It was Pender County’s “Town That Time Forgot” — or maybe “The Town That Never Was.” Chartered in 1754, this experiment in town-building had vanished from maps by 1800.
The town was organized on land acquired in 1750 by David Williams and Henry Skibbow (or Sciboe), a surveyor, in a bluff below Sand Hill Cove near Jumping Run Branch, on the east side of the Northeast Cape Fear River. A 40-acre site for the town was set aside, and some prominent local planters — including Samuel Ashe, John Gardner, Alexander Lillington, Thomas Merrick and Skibbow — were named as town commisisioners in the act of incorporation. The colonial Assembly authorized the commissioners to lay out streets and set aside land for a churchyard and marketplace.
Local developers apparently hoped that the site would become a significant river port and trading center. Several roads passed through or near the Exeter site, and a ferry across the Northeast Cape Fear might have been operating there before the American Revolution. (In 1798, the New Hanover county court authorized blacksmith John Player to run a ferry at Exeter.) From 1755 to 1764, the Assembly authorized Exeter to serve as a customs inspection point, along with Wilmington, Brunswick and Topsail Sound.

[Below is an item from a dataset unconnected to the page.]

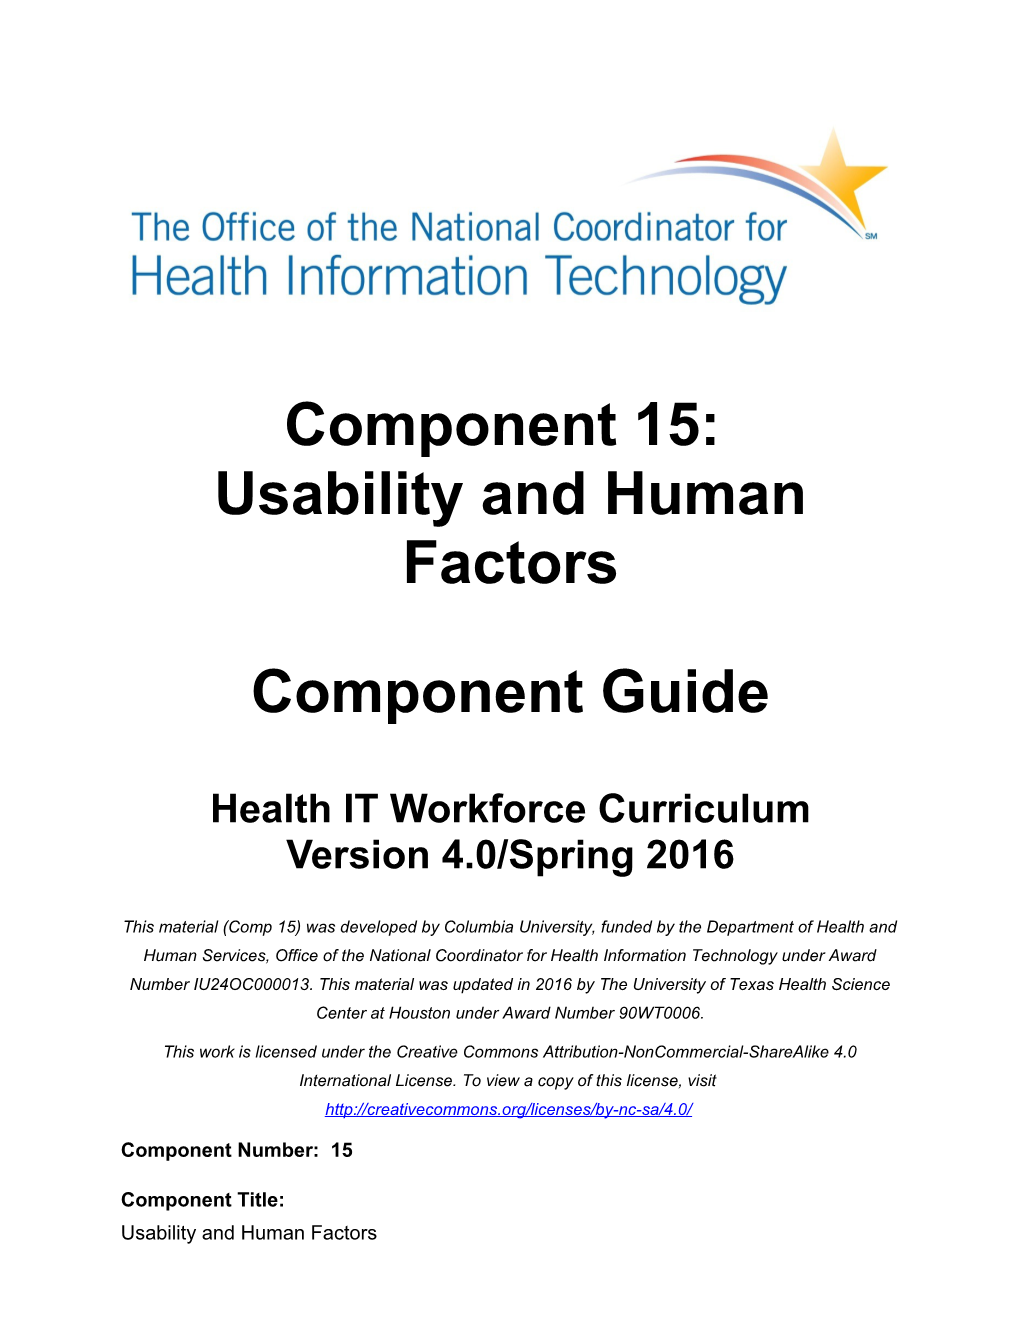 Component 15: Usability and Human Factors
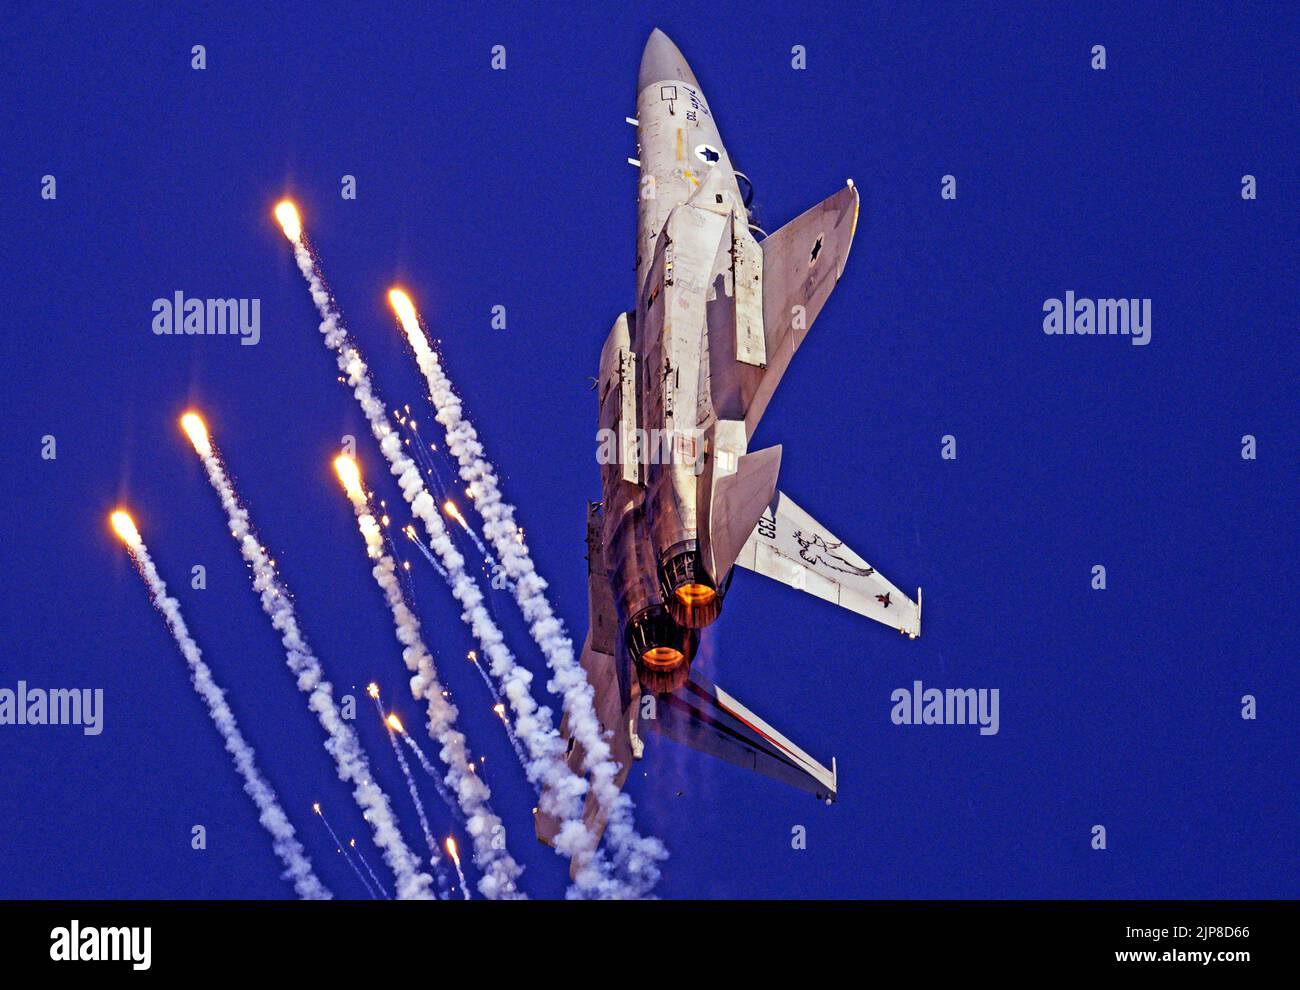 Israeli Air force (IAF) F-15 (Baz) Fighter jet in flight with anti aircraft defensive flares Stock Photo

However, Exeter (or New Exeter, as it was sometimes known) never seems to have lived up to developers’ dreams. The Collet map of North Carolina showed only seven buildings at Exeter in 1770. The Mouzon map, printed in 1775, showed just 11 buildings. Sales of town lots seem to have lagged badly and by 1759, Henry Skibbow had moved away from the area.
During the Revolutionary War, British troops under Maj. James Craig dug field fortifications near the town site. According to the North Carolina Gazetteer, these earthworks were still visible as of 1968.
Competition from the nearby trading center of South Washington (later Watha) seems to have dried up the last of Exeter’s chances. It last appears on the 1792 Purcell map and was not included on maps after 1800 or so. The land went to Pender County when it was created in 1875, and deeds referred to the “Exeter” or “Extra” tract until at least the 1920s. As of 1968, William S. Powell reported, the headquarters of the Holly Shelter Game Management Area were located where the former town had been.
Date posted: September 25, 2009
The town of New Exeter was actually located just below the mouth of Ashes’s Creek at the old river crossing and about 1/4 mile down river from John Rutherfords Plantation.